Data profiling is the periodic x-ray of tables in a schema to gather extensive information about the contents of each column. Results are stored in a standard table in DataOps TestGen. The first stop is the list of profiling runs. Each profiling run is for a specific table group used for a specific database connection. TestGen executes the profiling by running a series of SQL statements against each column for each table in the table group. This is intended to run infrequently, weekly, or every few days. The profiling step also allows you to perform profiling on a random percentage of records within a table. However, we recommend analyzing the entire table where possible, even if the process takes some time, to capture the most complete picture of the data.

How to:

Log in to DataOps TestGen (note: the URL and credentials are printed at the end of the installation)
On the left navigation bar, click 'Data Profiling.'
You should see the Profiling Runs UI (below)

Profiling runs UI

Profiling results table¶

The profiling results table contains specific results for a profile run listed by schema, table name, and column name.

How to:

Select the single row displayed in the screen above, with the results from the demo schema.
From the 'Data Profiling' page, click the 'Profiling Results' button on the right.
You should see the Data Profiling Results UI (below)

Data profiling results UI

Single column profile details¶

Data profiling offers a range of critical benefits, such as improving data quality, resolving data issues, ensuring compliance, and mitigating risk. Profiling your data gives you a sense of its quality — the data's accuracy, consistency, completeness, and reliability. Knowing this is critical in a financial context where data quality can impact business decisions, compliance, and customer service. Selecting a row in the Profiling Results Table gives you a detailed insight into a specific column's profile.

How to:

From the 'Data Profiling Results' page, click a specific row.
Scroll down on the page and you should see the Data Profiling Detail UI.

Data profiling detail UI

Profile health anomalies¶

From the Profiling runs page, you can drill down into a list of profiling health anomalies.

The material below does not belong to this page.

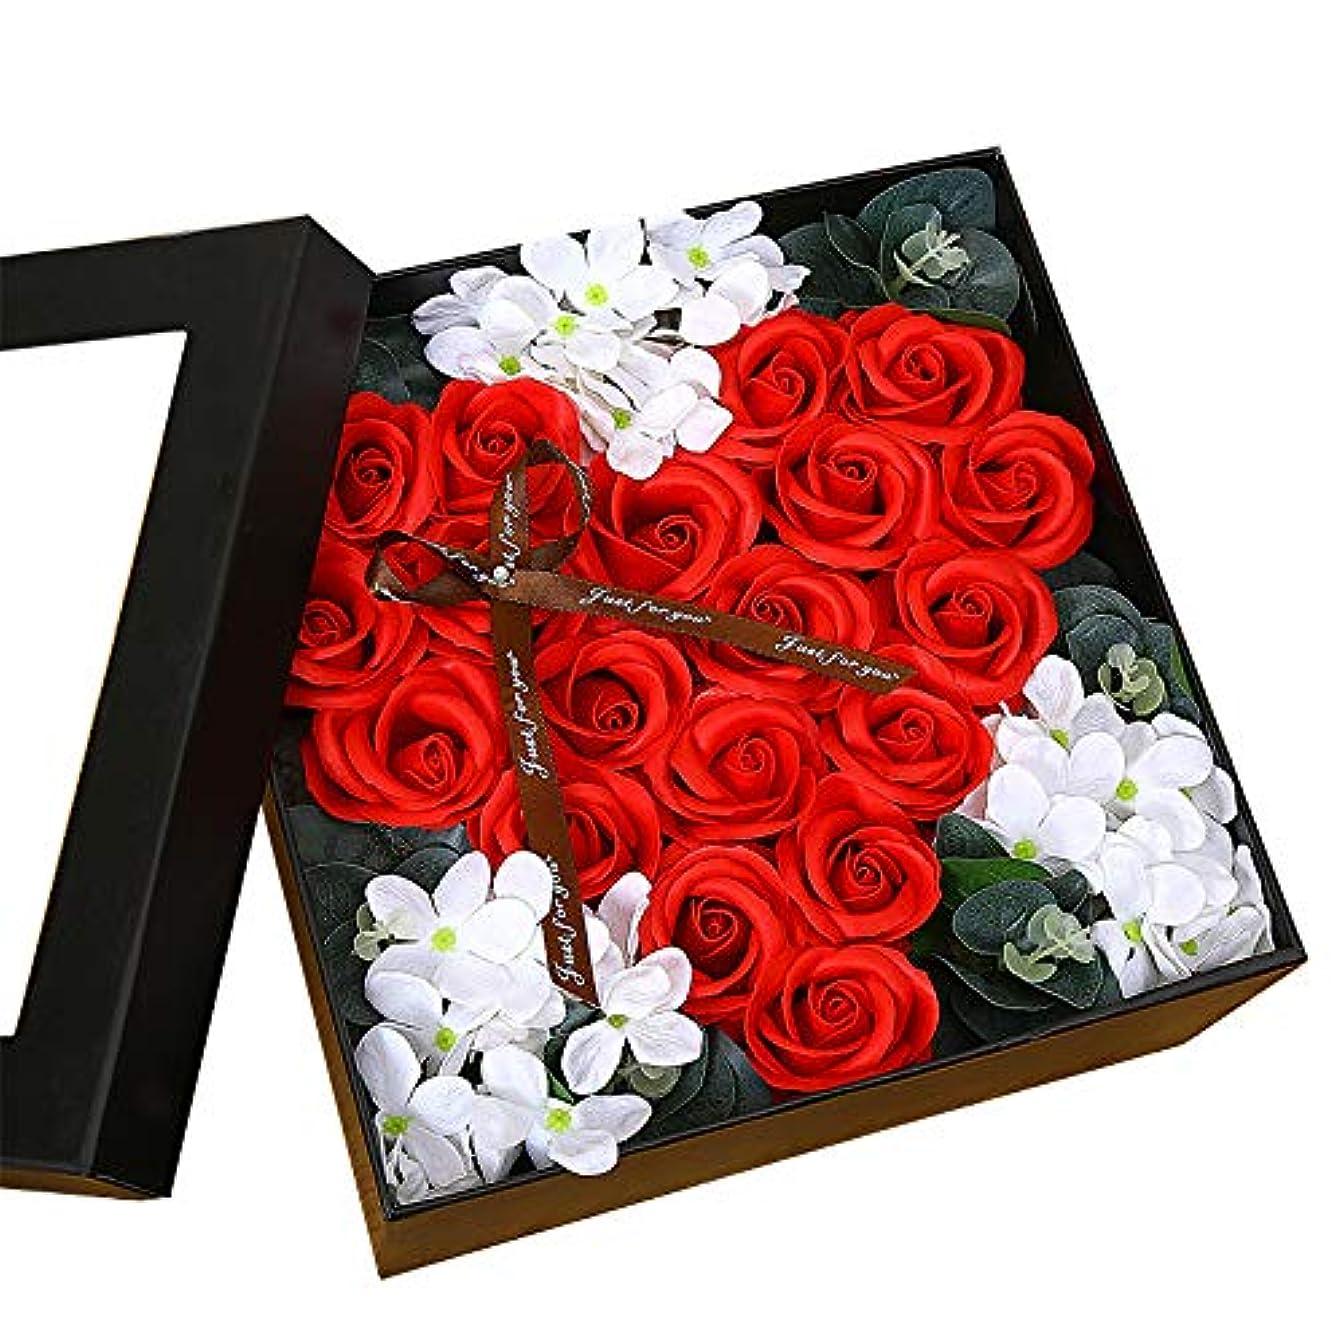 起こりやすい落ち着かない取り戻す生地と花石鹸の花 ギフトソープフラワーローズフラワーバレンタインデーのために不可欠ガールフレンド記念日誕生日母の日 (色 : Red square box)
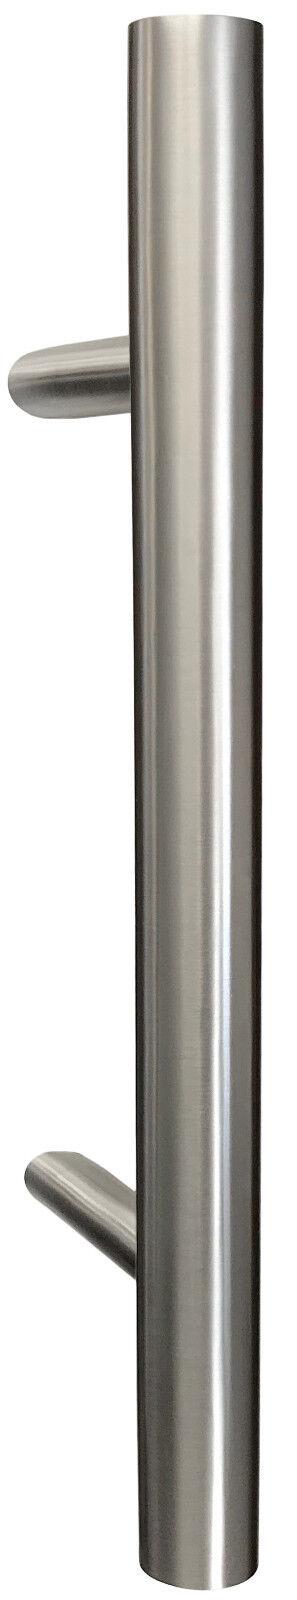 Haustürgriff Stoßgriff Edelstahl ovale Griffstange 1200 mm mit schrägen Stützen

The displayed table includes the table name, column name, and data health anomaly type. The checkboxes on the upper right allow you to view each profiling health anomaly.

How to:

On the left navigation bar, click 'Data Profiling.'
This should bring up the Profiling Runs UI again (below)

Profiling runs UI

From the 'Data Profiling' page:
- Click the single profiling runs row
- Click the 'Anomalies' button on the right
This should bring up a list of Profiling Anomalies

Profiling anomalies

Profile health drill down¶

You can look at the data from a specific health anomaly by clicking 'review source data.' You can see all the various ways in the raw data that the term 'e-bike' is used in the data set. Standardizing these terms is essential for accurate analysis. Finding and fixing this is one of the many unsung heroics done by data teams to make insight accurate and valuable for their organization.

How to:

From the 'Profiling Anomalies' page, click the row which has table d_ebike_products and column prodcut_type.
You can read about this type of anomaly.
Then click the button 'Review Source Data' on the lower right.
This should bring up the details of the Profiling health anomaly (below).

Source data review

Benefits¶

When you get a new data set, you face this challenge. Do I need to patch it? Or should I push back on the data suppliers to fix the data at the source? And exactly what problems in the data need to be fixed? If you don't find these problems on the first check, they will show up in your customer's data, take more time to fix, and lose trust in your work. 'Bad Data' problems fixed at the beginning are 10x cheaper than the same problem found in production. DataOps TestGen's 51 data profiling characteristics and 25 checks to screen new datasets drive this savings.

Next steps: How can I do this on my data right now?¶

You can do all the steps in this tutorial on your own data. Follow these three steps: add a connection to TestGen, create a Table Group, and perform profiling.